Joan: We’re the generation of a church that needed to outgrow a lot of things to grow up. We have a foot in two worlds, Vatican I and Vatican II, and those two worlds were like a teeter-totter. One day you felt very Vatican I – you wanted everything set and all the answers and all of the corruptions fixed. And then you grew a little bit and you became Vatican II who said, wait a minute we’re not here to hide in a corner. We’re here to be a shining light carrying the light of Jesus in our own hands down the city streets so that other people can have faith, have certainty, have trust and know that they’re part of a community on the way to God when you put the two ends of this thing together, which Henri does for us. He was one of those people who was struggling with Vatican I at one level and gifting the world with his reading of Vatican II, and yet at the same time, very honestly saying to people, buddy, it’s not easy. Keep going, keep going. Your fullness is, don’t give up.

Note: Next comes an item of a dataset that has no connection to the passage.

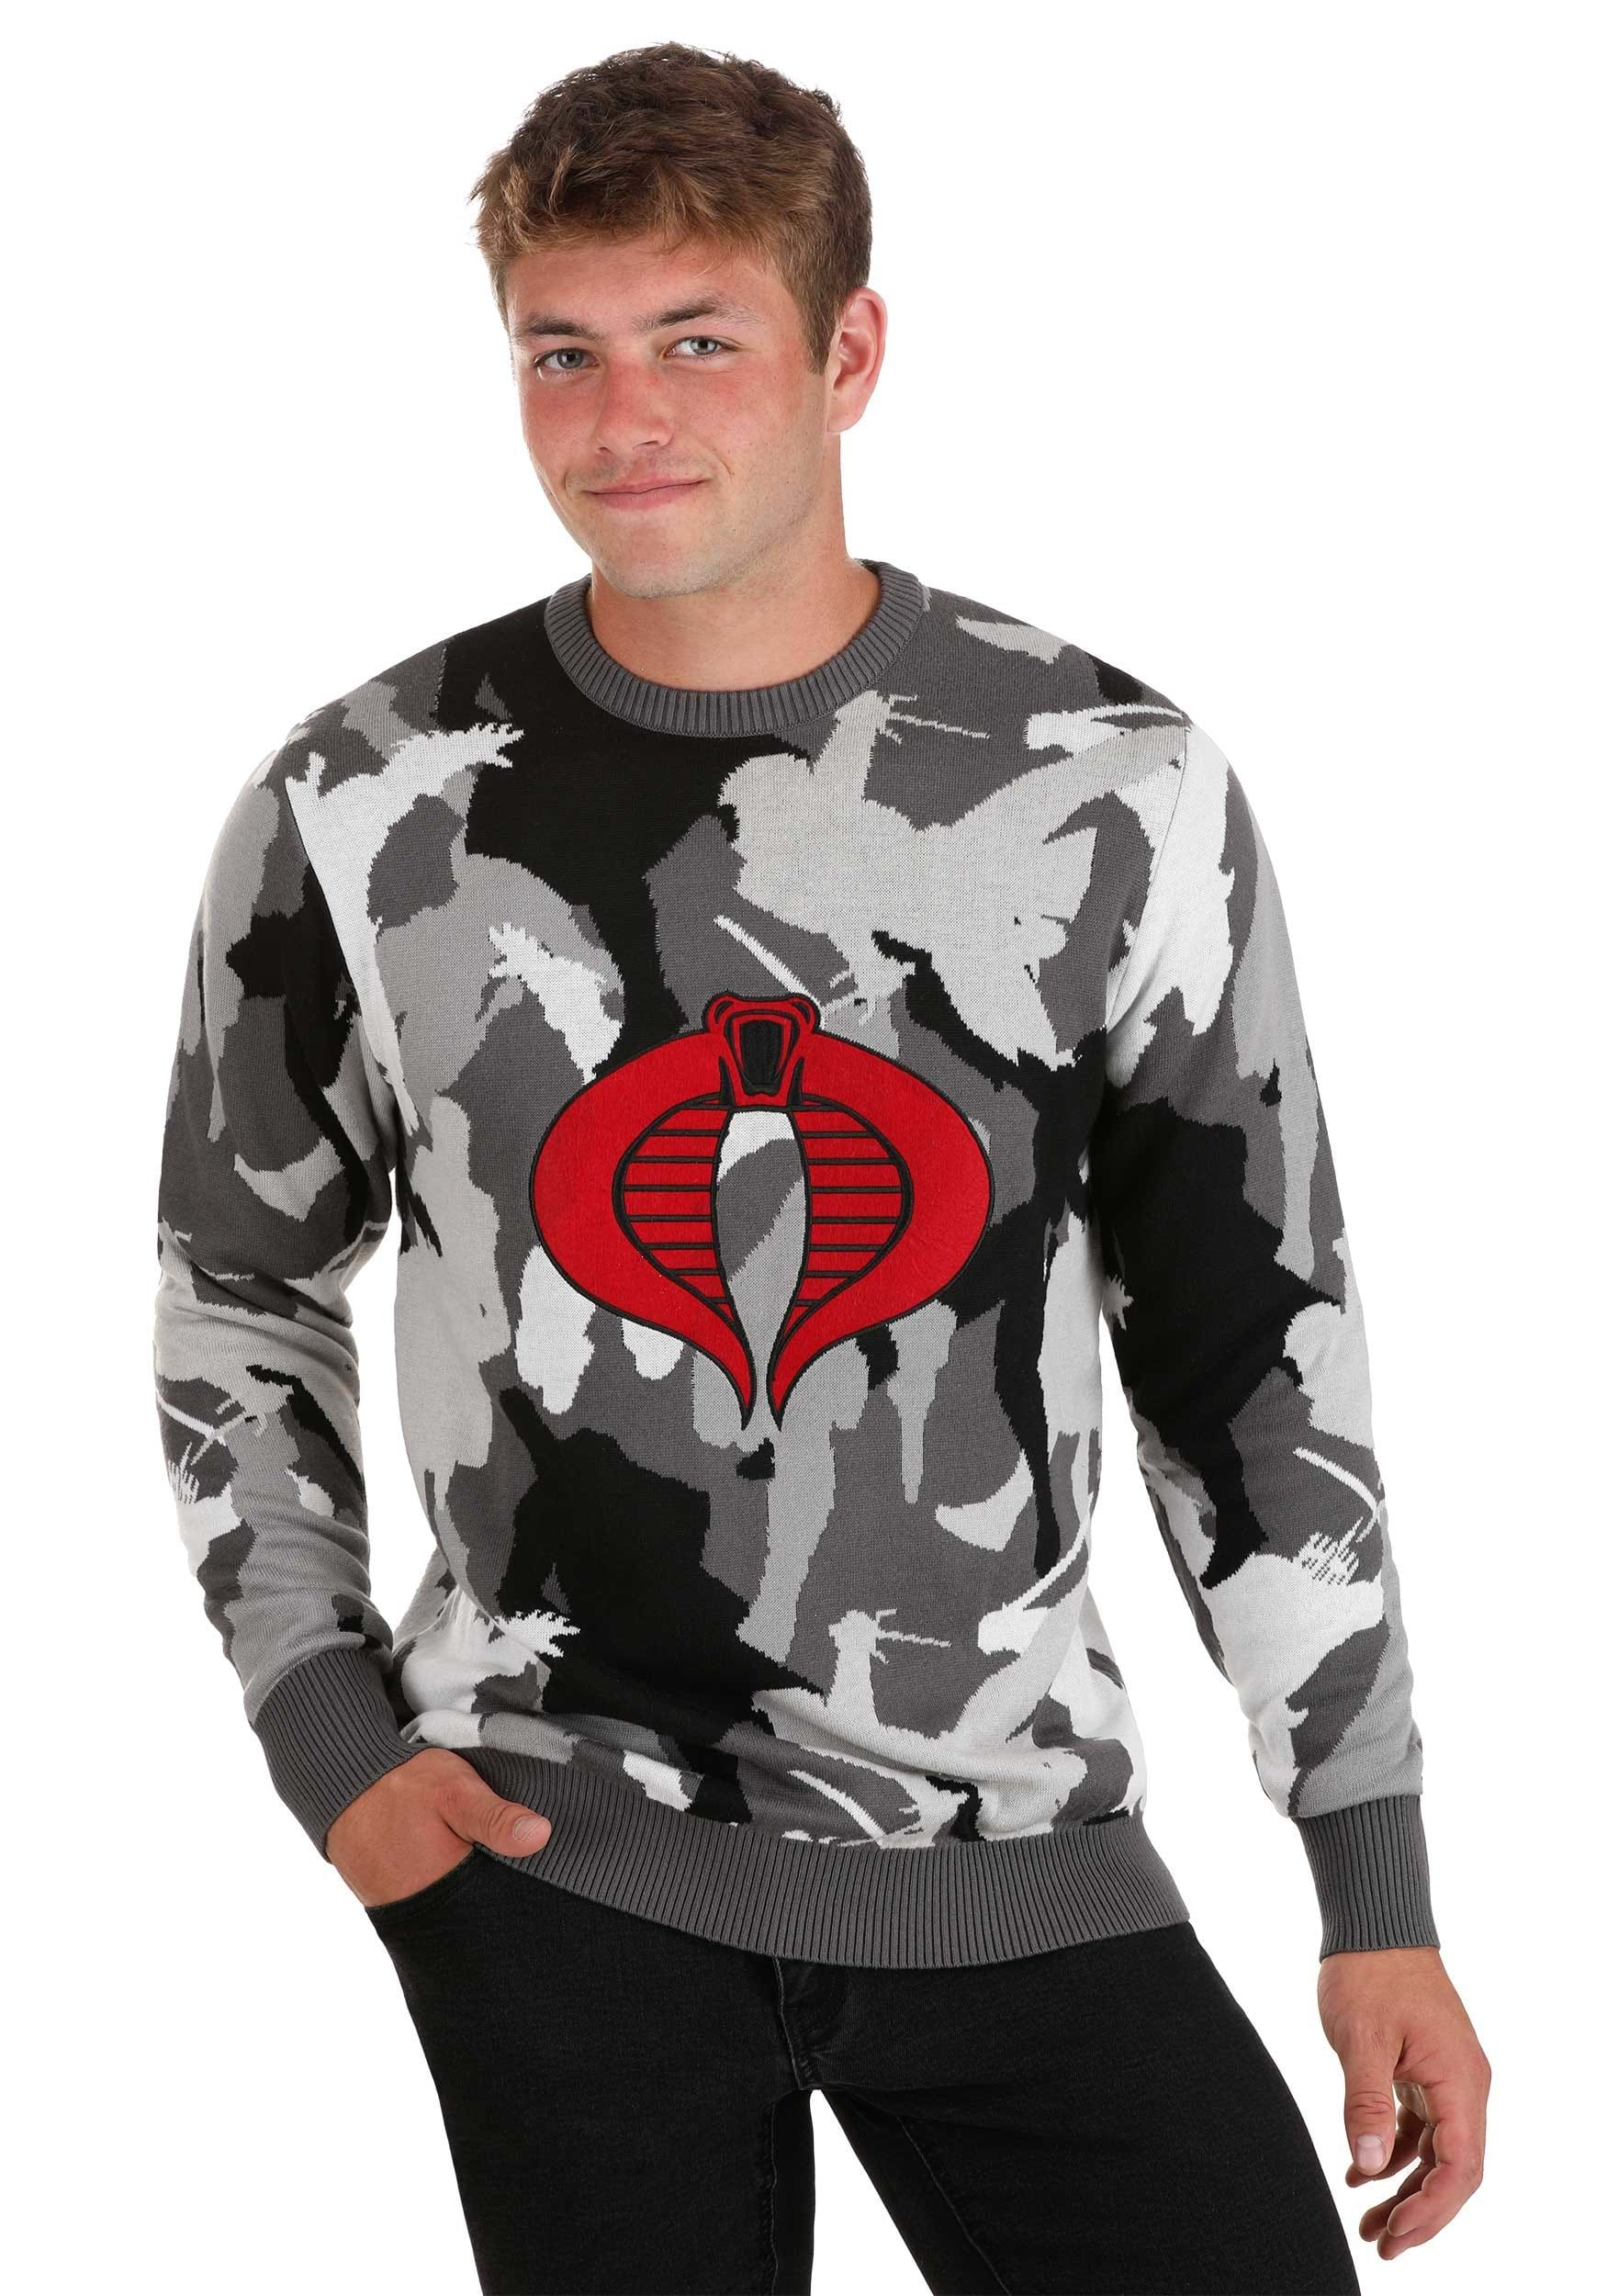 Cobra Camo GI Joe Adult Sweater

And all I can say is the spiritual life is a life. It is not made up of either false asceticism’s or false holiness. It is this awareness that God is with me, is in the center of me, is companioning me through my life and will give me every grace I need to get there. God is not a magic act. God is not a vending machine. God is not a warrior. God is the presence and creation of all life and mine too and is in the center of me saying, “Come on, come on, you’re doing really well. Don’t worry, I’m right here. We’re going to get through this, everything is fine.”
Karen: Oh, Joan, thank you so much. I am so glad I got to talk with you today. Honestly, this has been rich and it’s been life giving, and I know it will be for all our listeners.

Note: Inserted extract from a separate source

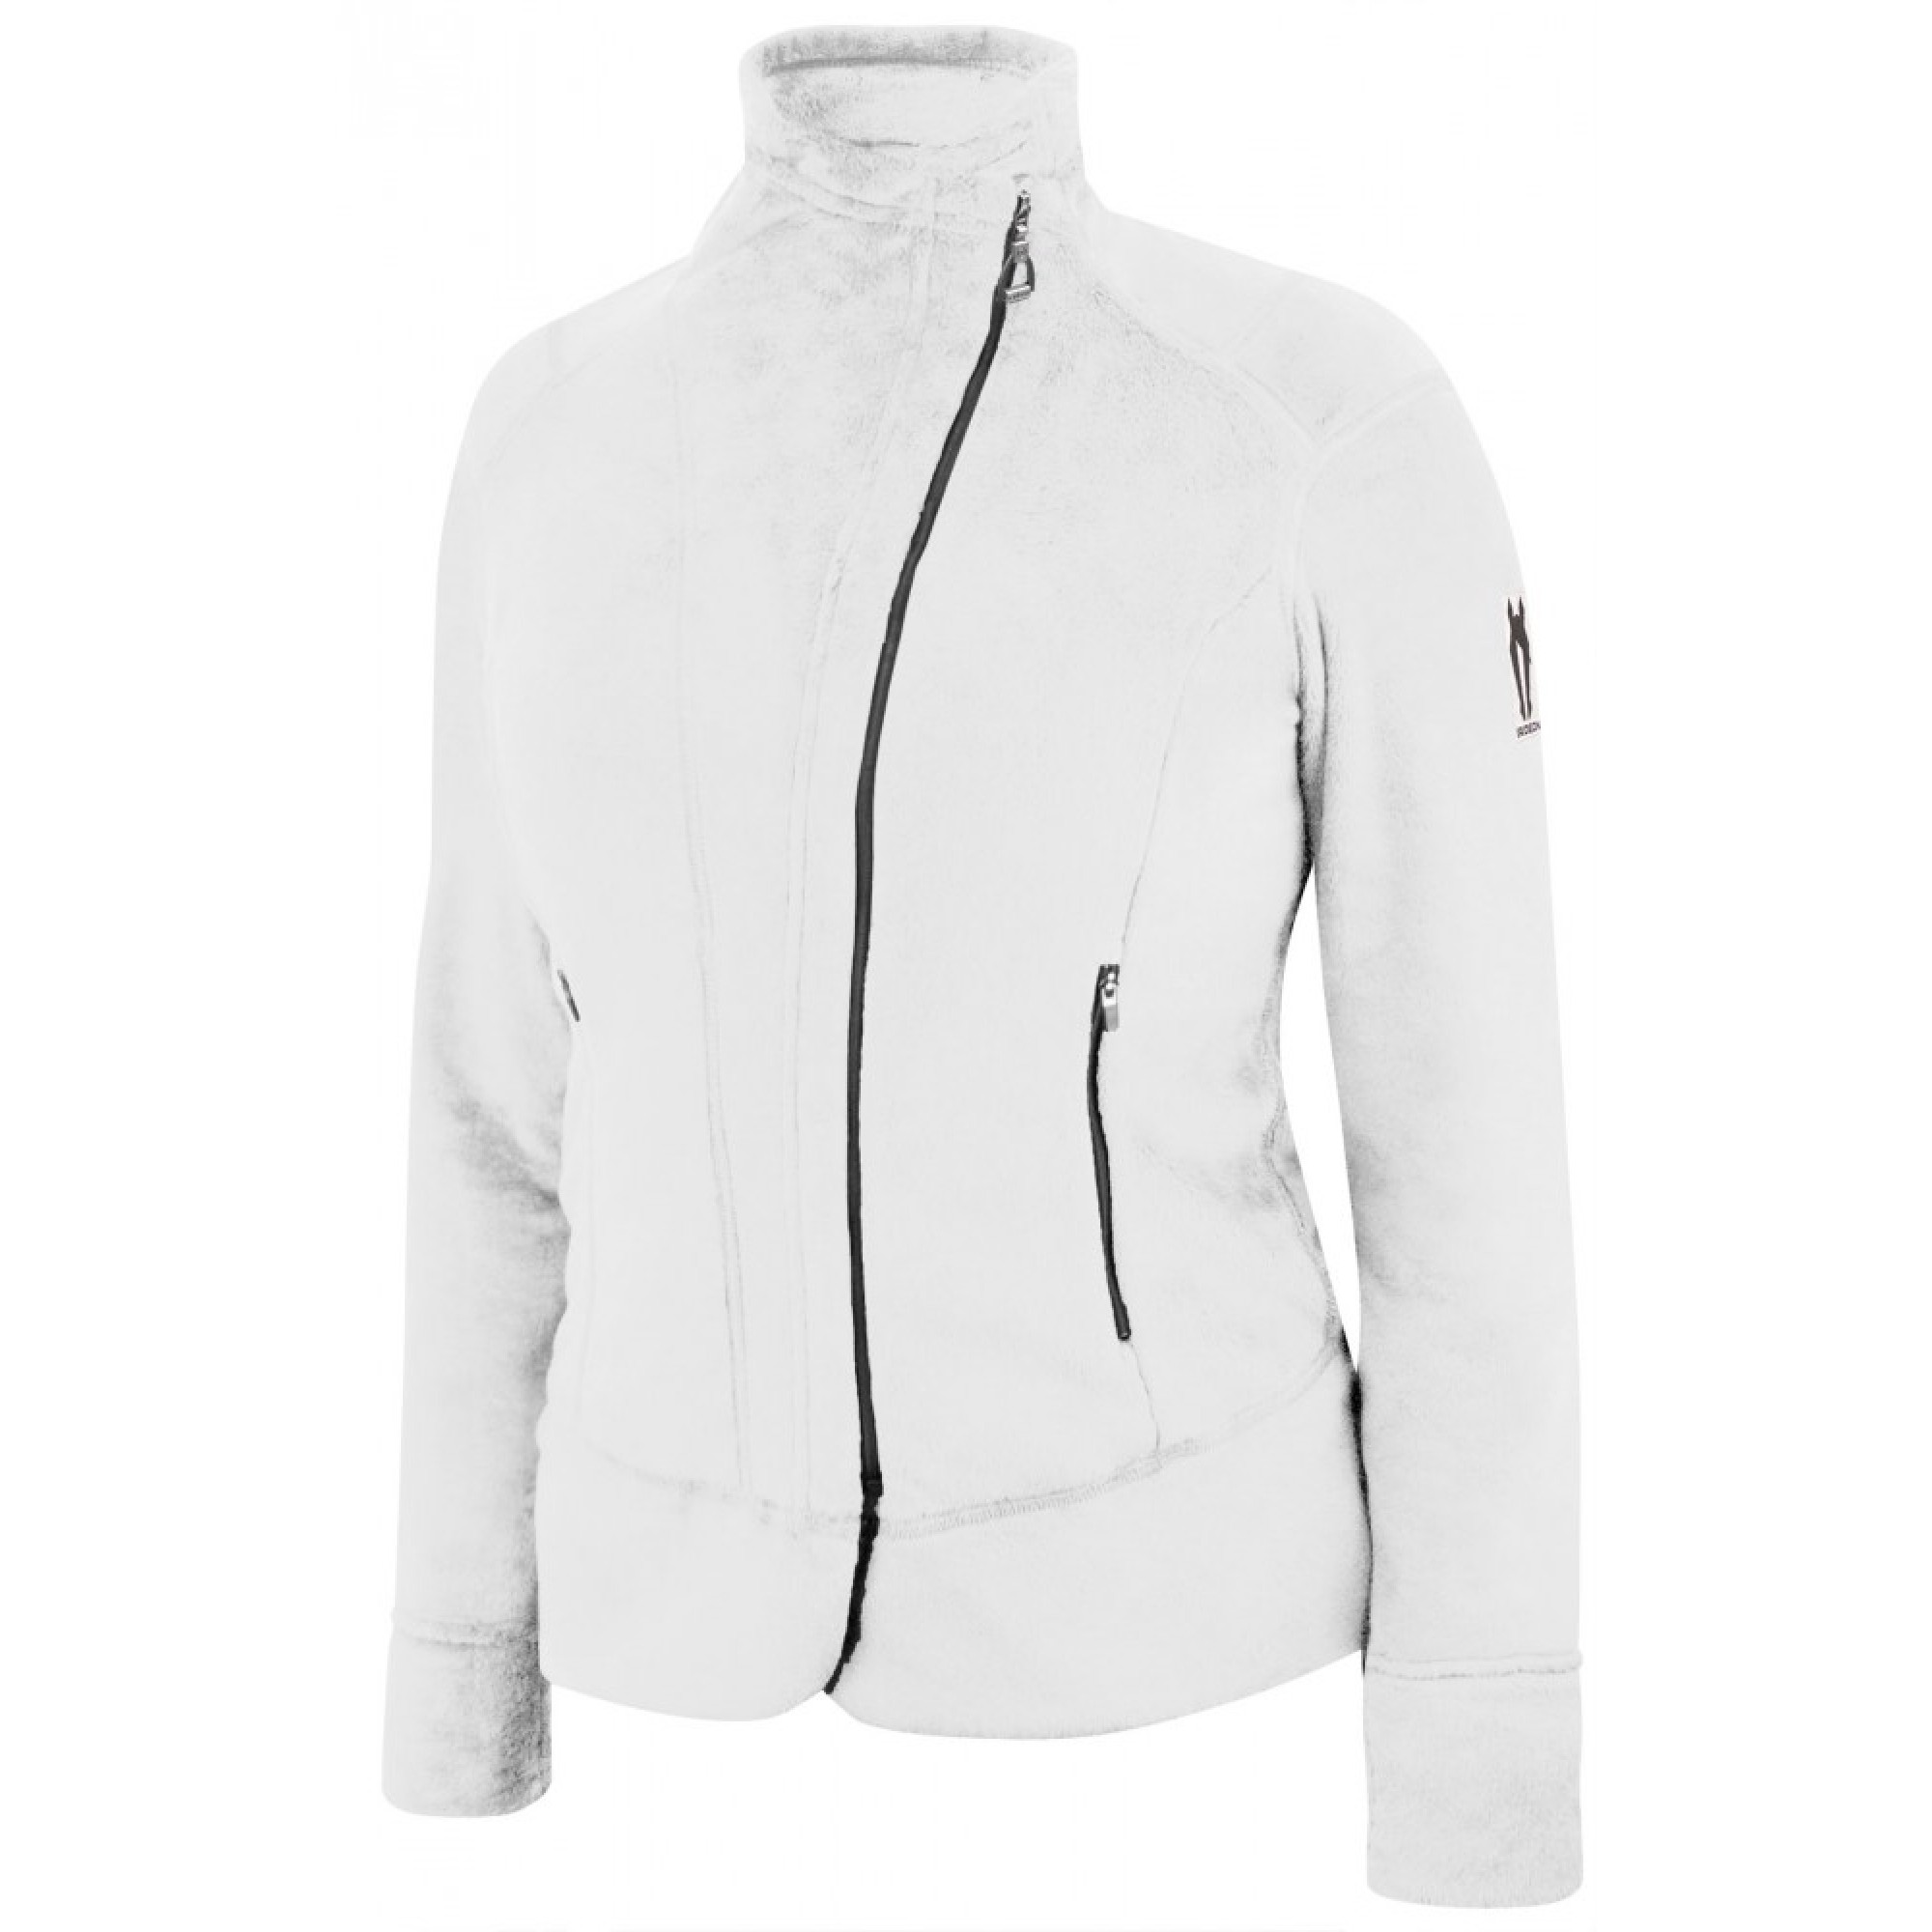 IRIDEON® Iceland fleece jacket

Joan: I want to thank you, Karen. I understand that these open-ended interviews are a risk and I admire you deeply for being willing to take other people into the conversation. That’s really where the reflection that I’m talking about and the presence of the Spirit come in. God bless you, Karen. And may you continue your work for years to come.
Karen: Oh, thank you so much, Joan. Thank you. I am deeply encouraged by your response to what we’re doing. It means a great deal to us. Thank you for today. Blessings on you my dear friend. Thank you.
Thank you for listening to today’s podcast. What an honor for me to spend time with Sister Joan Chittister. I truly enjoyed her latest book, The Monastic Heart, and I’m looking forward to returning to it as a guide to deepen my own spiritual journey.